ARCHIVES DE LA MUSIQUE ARABE

Les cafés chantants du Caire, vol 1


Jusqu'aux dernières années du XIXE siècle, l'espace musical égyptien se
divisait entre une musique de cour raffinée réservée à une élite,
interprétée par des musiciens prestigieux, et la musique folklorique,
rurale ou citadine, destinée à un large public et produite par des
professionnels souvent anonymes. Si le discours musical des artistes
populaires était clairement plus pauvre que les chef-d'oeuvres produits
par l'école khédiviale, la thématique vivante des chants était la seule
expression artistique des soucis quotidiens d'une population confrontée
à la modernité européenne et à la colonisation. Deux événements
devaient venir transformer cet univers musical : l'apparition de la
scène dans les dernières années du siècle, et la rapide pénétration de
l'industrie du disque à partir de 1903.

Les cafés chantants étaient un phénomène typique du Caire dès la
première partie du XIXE siècle. Autour des jardins à l'anglaise de
l'Azbakiyya (commandés par le Khédive Ismâ'îl), les cafetiers
s'attachaient le service d'un chanteur renommé qui attirait les clients
avec son répertoire de musique savante. Sous l'influence des
cafés-concerts à l'européenne, importés par les communautés étrangères,
et suite à l'ouverture de nombreuses salles de théâtre au Caire à partir
des années 1880, le café chantant ouvert sur l'extérieur se transforma
au tournant du XXe siècle en établissement fermé et payant, dans lequel
un spectacle sur scène, incluant chanteurs, danseuses et divers numéros,
était offert à un public essentiellement masculin. Parfois, une aile
séparée par un voile pudique permettait aux épouses d'hommes aux idées
libérales d'assister incognito au concert d'un grand chanteur.
Naturellement, le répertoire savant était réservé aux établissement
réputés, tandis que des almées de moeurs discutables se produisaient
dans des cabarets malfamés de la rue 'Imad al-Din et du quartier de Rôd
al-Farag.

Le succès des femmes sur la scène et la Popularité de leurs
ritournelles, les "taqâtîq" (singulier taqtûqa), incitèrent les
chanteurs à adopter progressivement ces anciens chants de mariage dont
la verdeur du propos surprenait et tranchait avec les éternelles amours
déçues du répertoire noble. Jouées par des ensembles-takht de qualité,
interprétées par des chanteurs capables d'improvisation, ces pièces
légères finirent par menacer l'édifice pourtant neuf de la musique de
cour. L'industrie du 78 tours, qui avait jusqu'à la première guerre
mondiale enregistré l'ensemble du répertoire savant, poussa les auteurs,
les compositeurs et les chanteurs qu'elle liait par contrat à s'engager
dans la chanson légère. En contrepartie, le niveau musical de la
taqtûqa progressa notablement, et les techniques de chant héritées de
l'école de Hâmûlî furent mises à profit dans cet art naissant de la
"variété" : une musique accessible au plus grand nombre, simple dans son
parcours mélodique comme dans ses textes, mais exécutée par des
professionnels reconnus. Du lendemain de la Grande-Guerre au milieu des
années 30, la taqtûqa régna sans partage sur la scène musicale
égyptienne. Coquine, parfois aux franges (orientales) de la
grivoiserie, la chanson légère provoquait le désespoir des tartufes
bien-pensants et plus légitimement celui des amateurs de chant savant
qui voyaient avec inquiétude se perdre l'art de l'improvisation modale
dans des compositions calibrées pour les six minutes du 78 tours.
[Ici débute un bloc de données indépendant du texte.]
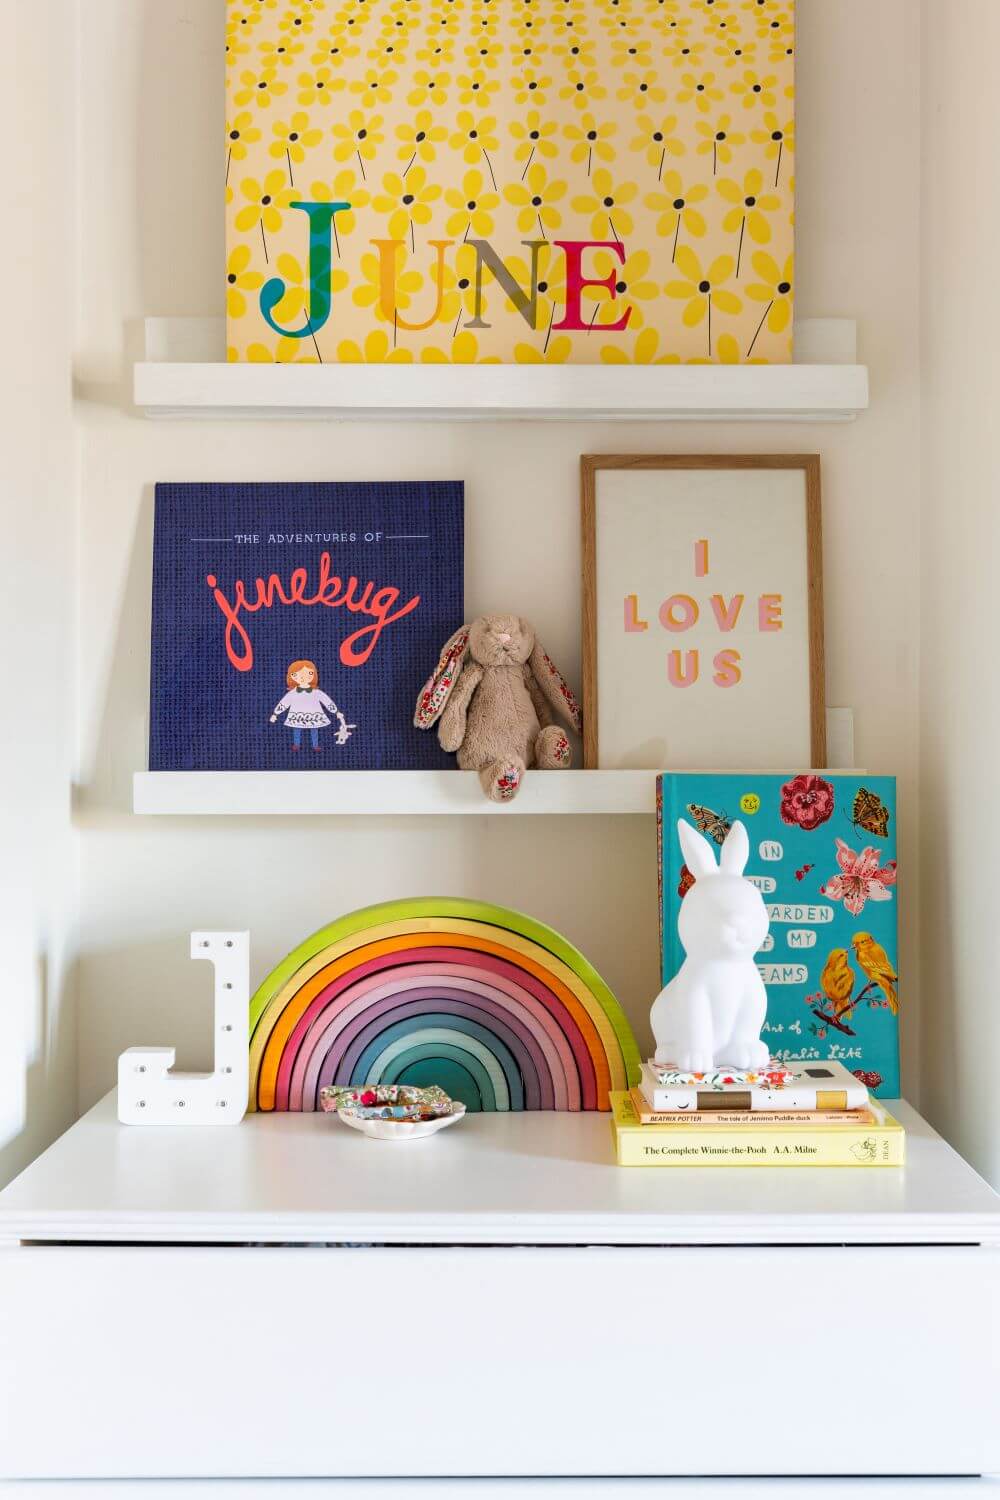 Decorate with Pink Home tour: diy picture shelves ,made form mdf wood and painted white. Styles with colourful decor.

La taqtuqa ancienne (celle des almées et des mariages) est souvent
composée d'un refrain et d'une multitude de couplets en langue
dialectale archaïque, formés d'un ou deux vers sur une mélodie simpliste
et de faible amplitude. Le 78 tours mena à un produit standardisé loin
du modèle initial : la pièce s'ouvre par un refrain placé sur une longue
phrase mélodique, chanté par un mutrib éventuellement accompagné du
choeur des madhhabgeyya. Suivent quatre ou cinq couplets en dialecte
cairote moderne, chantés en solo. Chaque couplet se déroule sur une
même mélodie, distincte de celle du refrain. Usuellement sur le rythme
wahda (4/4), la pièce est parfois traversée de sections syncopées en
maqsûm.

Si les pièces des années 20 ne réclament pas, dans leur exécution une
créativité interprétative, notons qu'elles exigent une tessiture et une
justesse sans rapport avec les naïves ritournelles d‚antan. Les
variations mélodiques de la musique savante sont remplacées par des
pirouettes ornementales. seul espace de virtuosité laissé au chanteur.
L'introduction de mélodies différentes dans chaque couplet n'apparut que
dans les années 30 et devait marquer le passage de l'ère de la taqtûqa à
celle de la chanson de variété moderne.
Au delà de mélodies simples mais touchantes, de voix parfois sublimes,
ce sont surtout les textes qui font de la taqtûqa d'après-guerre un
phénomène unique dans l'histoire de la musique égyptienne. Trop souvent
décriés pour leur bancalité ou leur inconvenance, ce sont des
témoignages irremplaçables sur les interrogations d'une société en
pleine évolution et qui exprime son désir, sa sexualité, ses débats sur
le rôle de la femme. Le triomphe de la variété sentimentale dans les
années 30 signifia la fin de cette irruption du social dans la chanson.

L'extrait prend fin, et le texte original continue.